Task prompt: The data should be written out in full, exactly as it stands, and the pictures dropped.

Exercise data:
..........

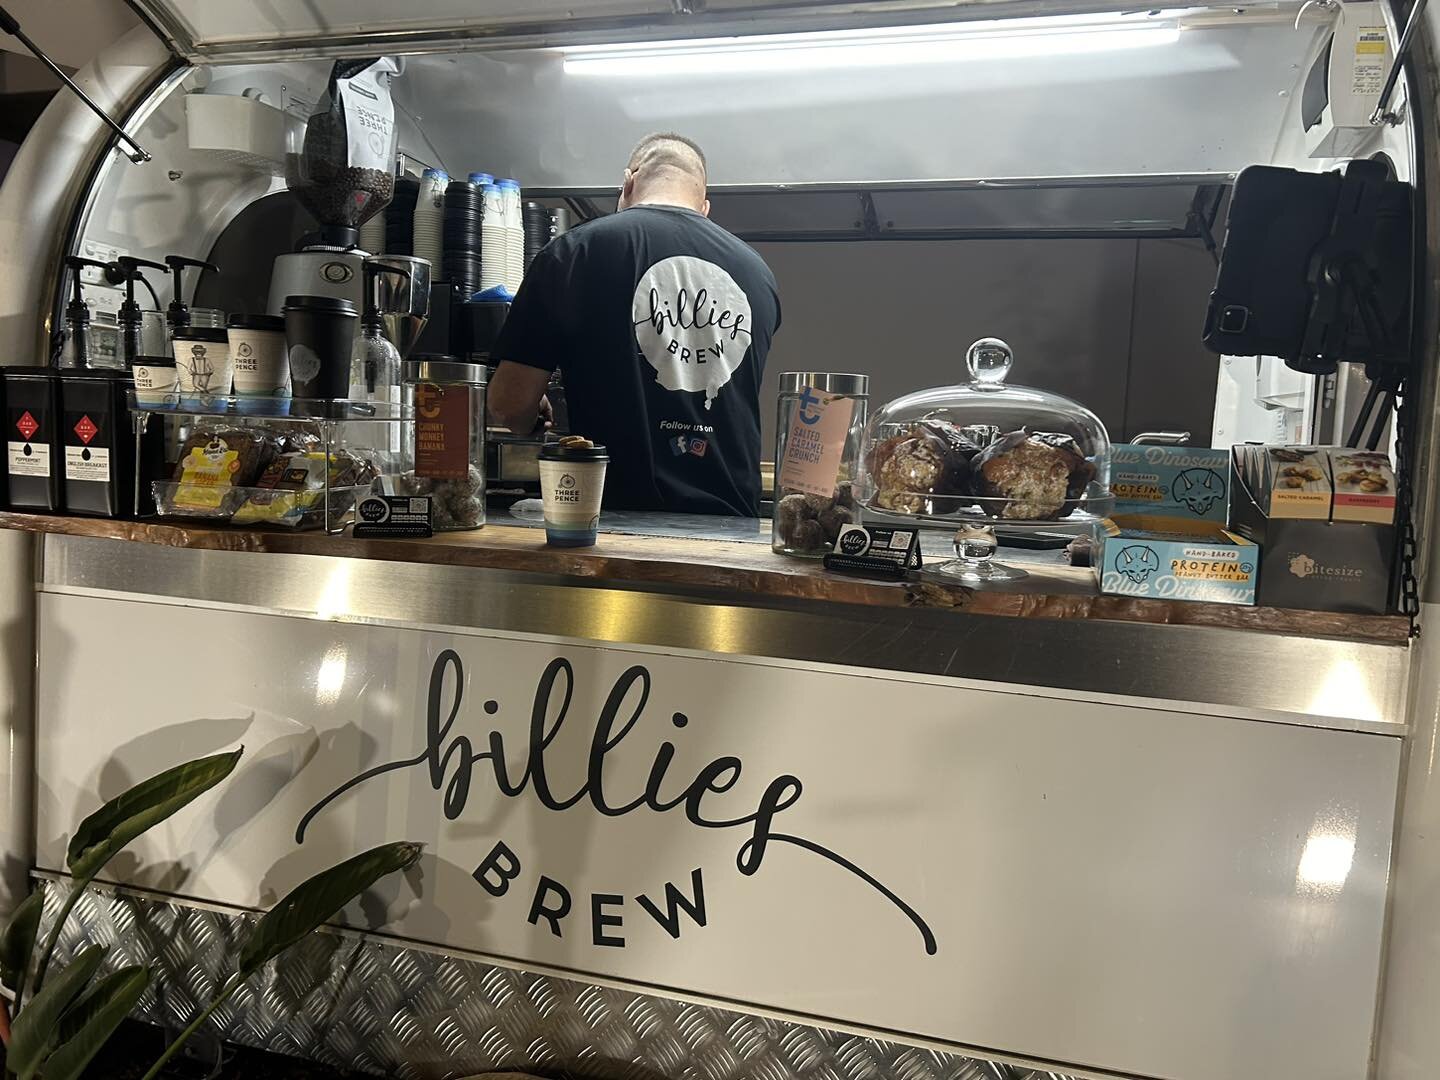 Looking for your coffee fix this Good Friday. Pop in and see Johnny the legend Billies Brew. Open until 12pm. Just the pick me up we needed for work this morning whilst everyone else is tucked up in bed.
Thanks Johnny always a pleasure mate.
#support

..........

Task result:
 Looking for your coffee fix this Good Friday. Pop in and see Johnny the legend Billies Brew. Open until 12pm. Just the pick me up we needed for work this morning whilst everyone else is tucked up in bed.
Thanks Johnny always a pleasure mate.
#support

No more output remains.